Recently there has been a resurgence of debate about a minor aspect of Rwanda’s political history, the death of former president, Juvenal Habyarimana.
This debate puzzles many who take more than simply a fleeting interest in Rwanda’s history — because it seems to elevate Habyarimana’s death to the status of an historical event worthy of special attention.
Yet it was but one death among the hundreds of thousands that occurred before and after his plane was shot down, many, if not all of them, a direct result of the sectarian politics and policies that he and like-minded post-colonial political elites practised for more than 30 years.
Equally puzzling is the amount of newspaper space and broadcast airtime taken up by expert analyses, some of them recycled, of what any new angle to the controversy may imply for the current government of Rwanda and its officials, some of whom stand accused of being the brains and hands behind the killing.
This discussion is informed mainly by the fact that the crew of the plane in which he died consisted of foreign nationals, French citizens to be precise.

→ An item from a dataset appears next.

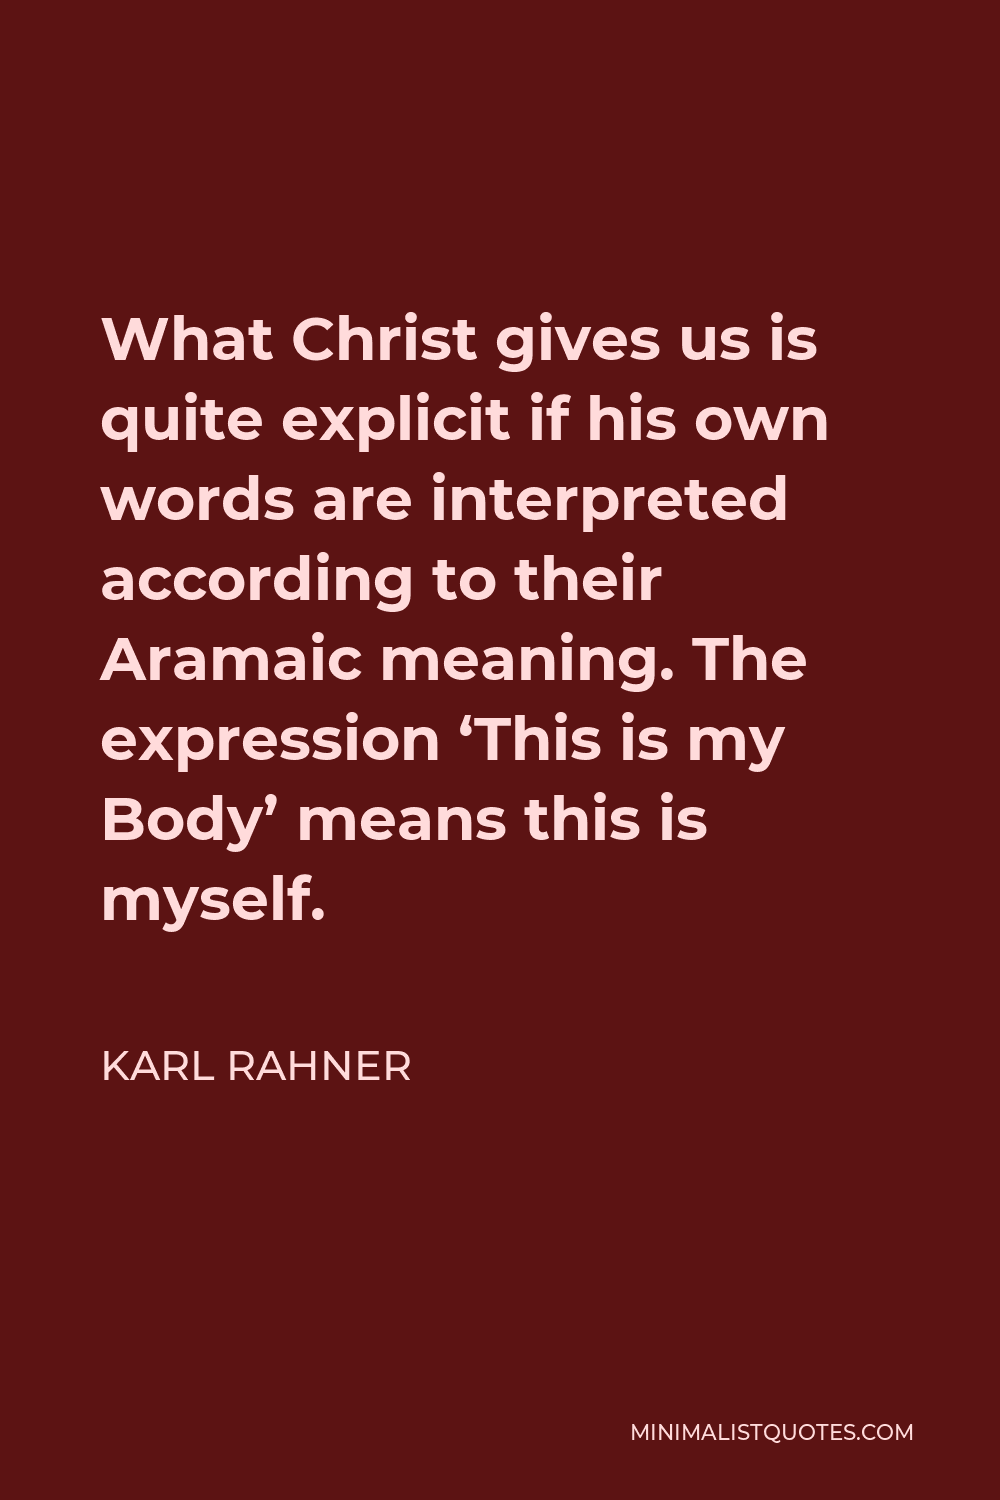 Karl Rahner Quote - What Christ gives us is quite explicit if his own words are interpreted according to their Aramaic meaning. The expression ‘This is my Body’ means this is myself.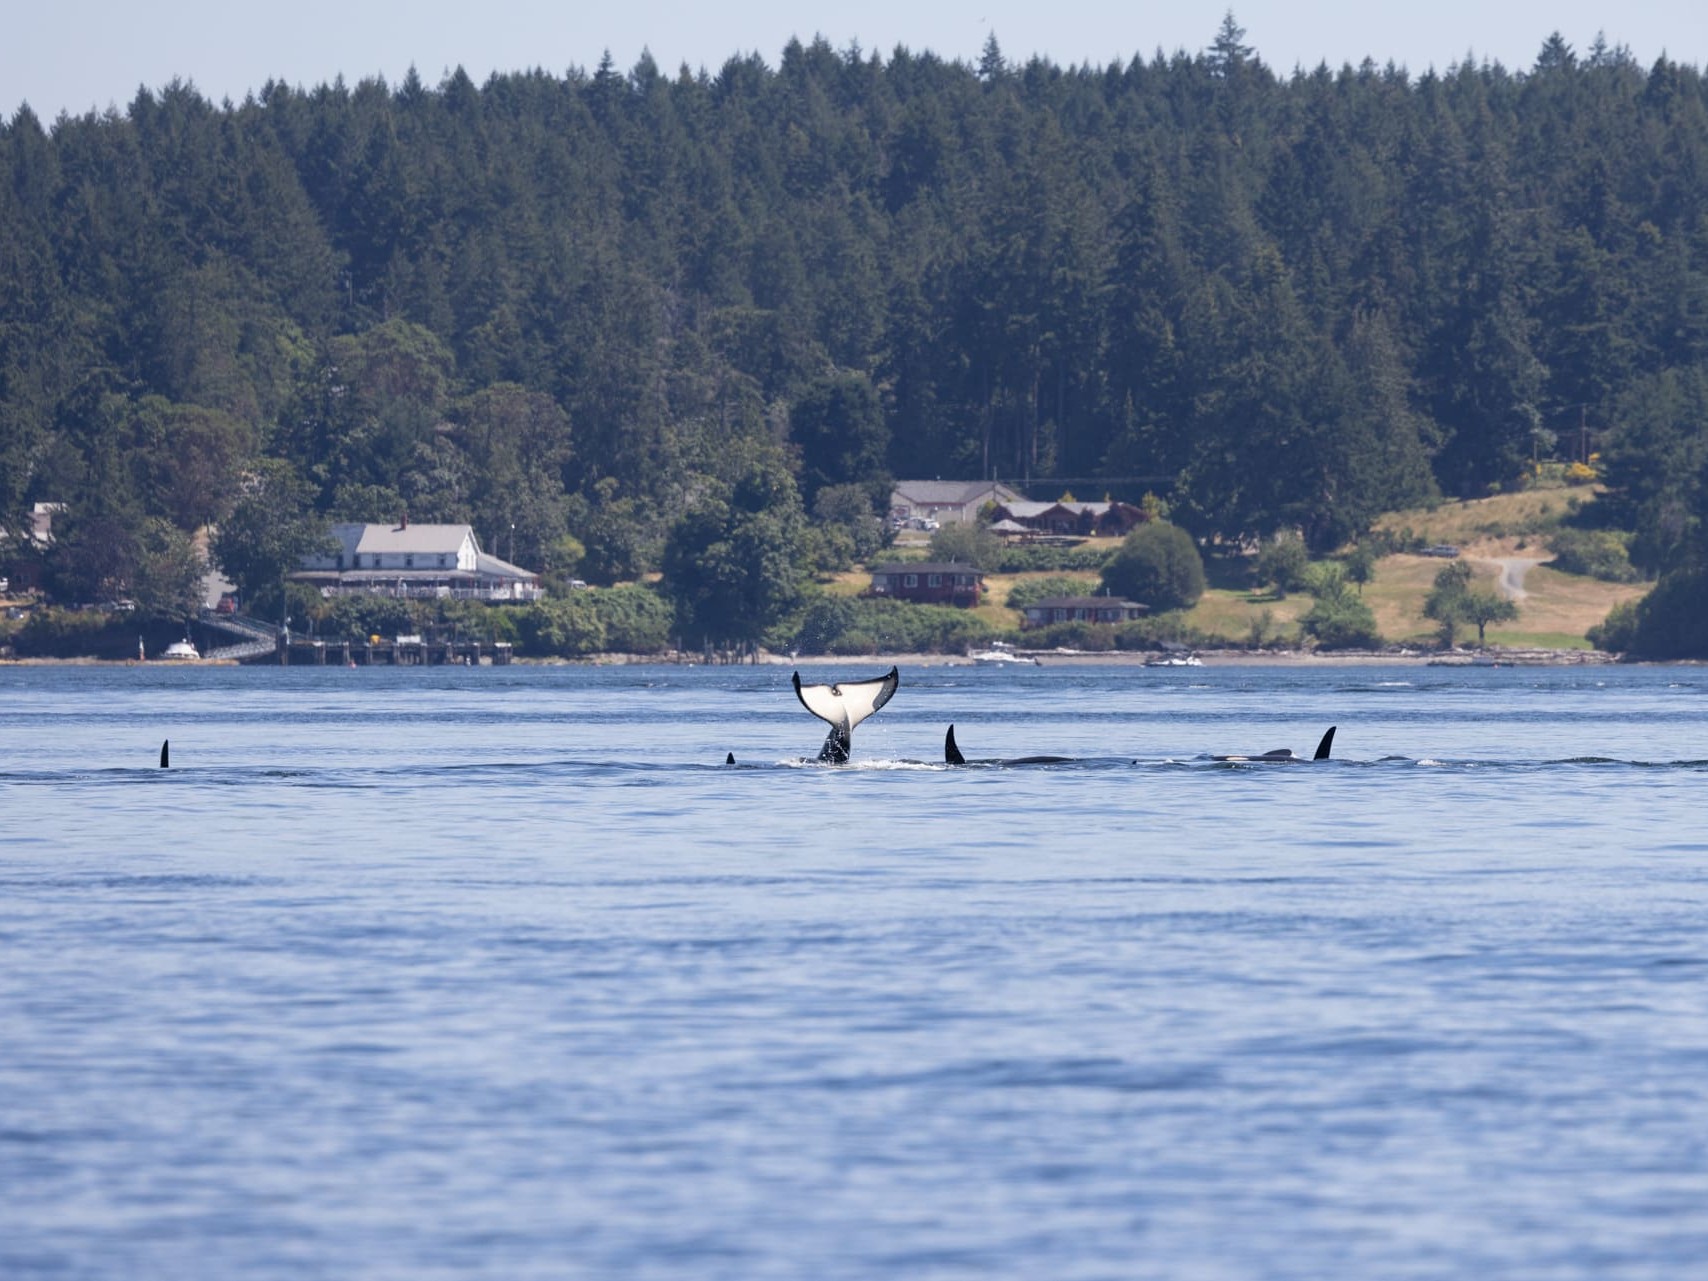 A group of Southern Resident killer whales surfacing and tail-lobbing.

Their families are bent on pursuing the matter through their public institutions including the courts, the same courts that have persistently blocked the extradition to Rwanda of fugitives accused of participating in the planning of the genocide and the elimination of Habyarimana’s political opponents and their supporters, regardless of their ethnicity.
It is as if to suggest that the families of Rwandan victims were not as deserving of justice.
Pre-genocide evils
There is also a view within some quarters that the question of who shot down Habyarimana’s plane derives its importance from the link between that single incident and the beginning of the genocide.